2. L’arrêt du 28 février statuait donc sur l’intuitu personae pesant sur le franchisé. Mais qu’en est-il de celui pesant sur le franchiseur ? L’arrêt sous commentaire peut entrer en scène. Comprendre le litige suppose d’indiquer que la tête de réseau avait passé deux contrats avec ses membres : un contrat de franchise d’une durée de dix ans et un contrat de location-gérance d’une durée d’un an. Fréquent dans la franchise alimentaire de proximité et de restauration rapide, ce montage est aussi intéressant que dangereux.

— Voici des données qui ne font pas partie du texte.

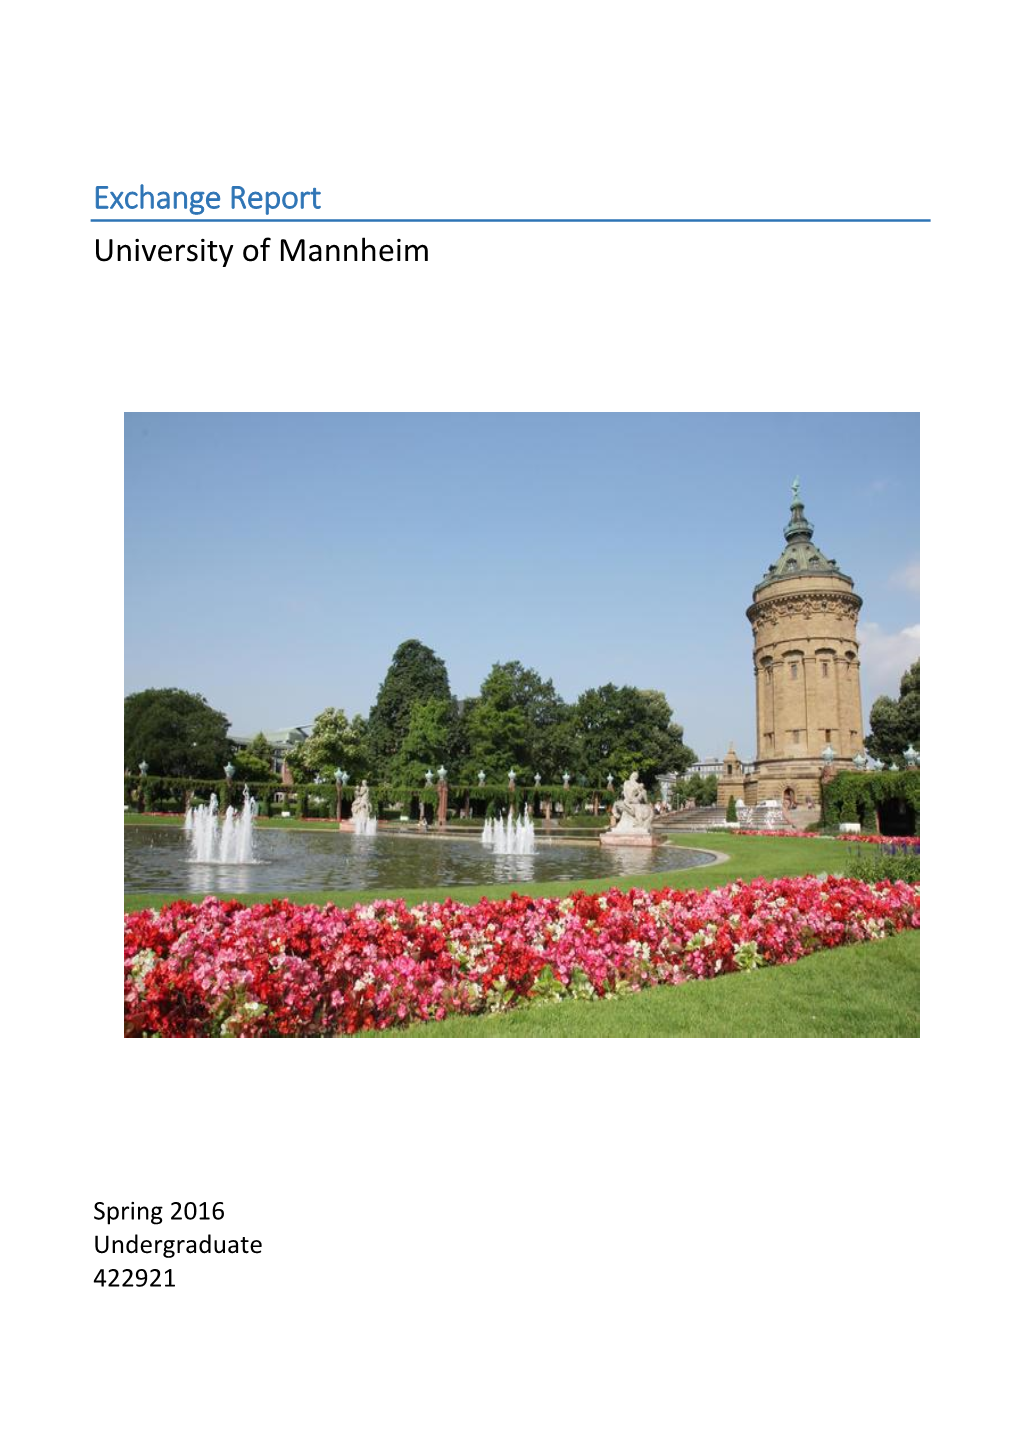 Exchange Report University of Mannheim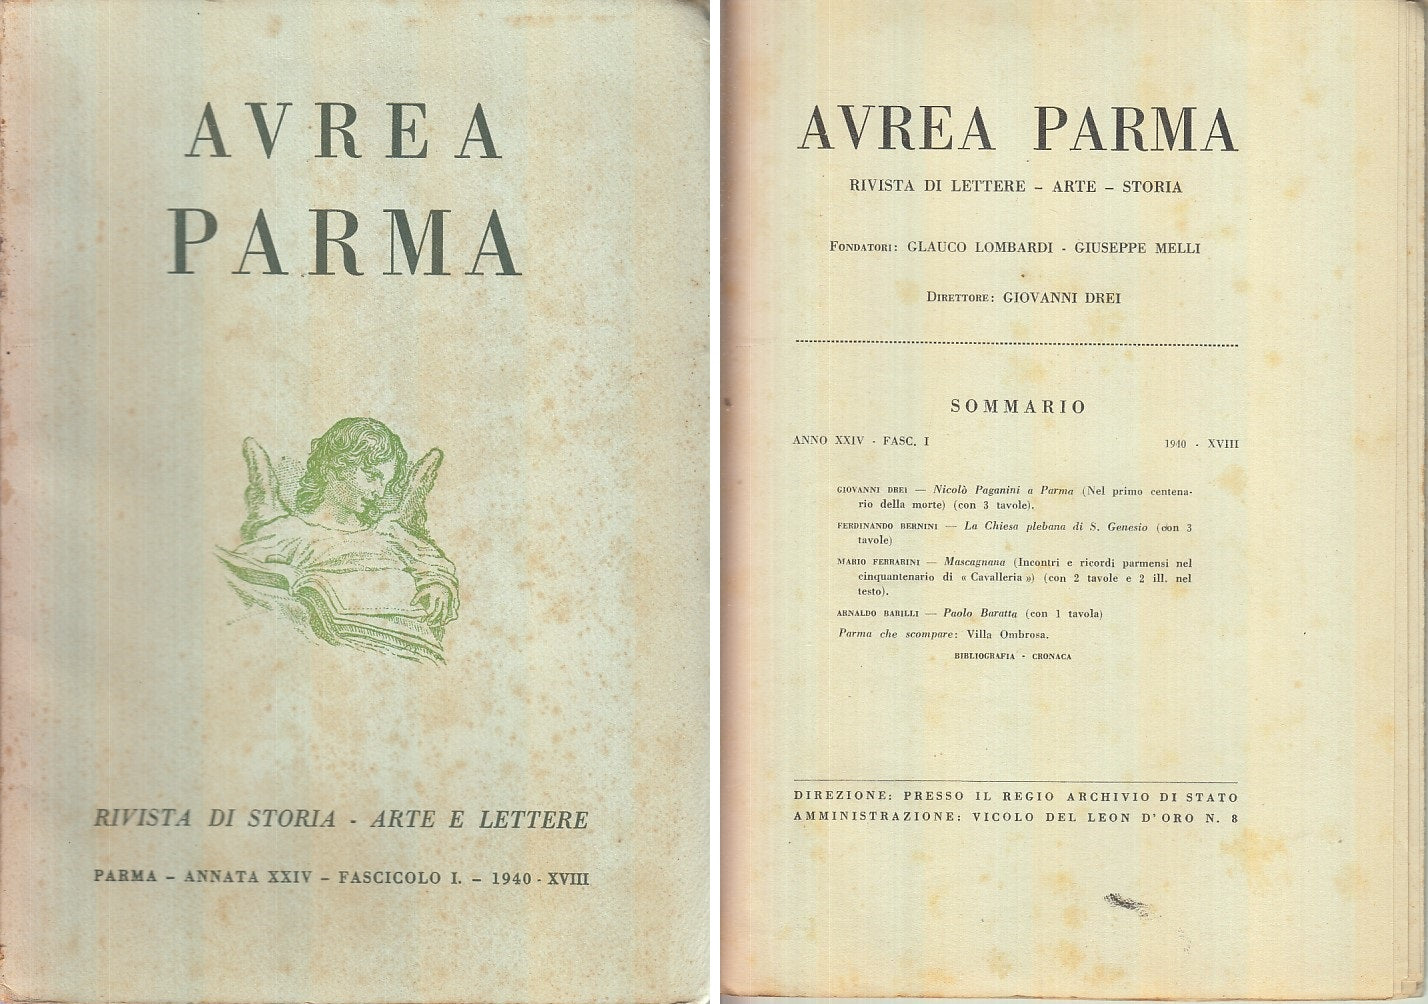 LR- RIVISTA AUREA PARMA ANNO XXIV FASC. 1 -- BODONIANA --- 1940 - B - XFS55

Intéressant car la tête de réseau conserve des emplacements stratégiques et car le candidat peut s’engager dans l’aventure à moindre coût. Dangereux car les redevances sont doublées (location et franchise), l’exploitant ne peut, en outre, pas valoriser, notamment lors de son départ, le fonds de commerce développé grâce à son activité.
Quelques mois après la cession du réseau Pizza Sprint, la tête de réseau indique que le contrat de location-gérance ne sera pas renouvelé à son terme. Le locataire-franchisé exige toutefois de rester dans les locaux et le maintien des services liés à son contrat de franchise. La tête de réseau argue alors de l’indivisibilité des deux contrats : si la location-gérance a pris fin, la franchise également, ce par le jeu de la caducité.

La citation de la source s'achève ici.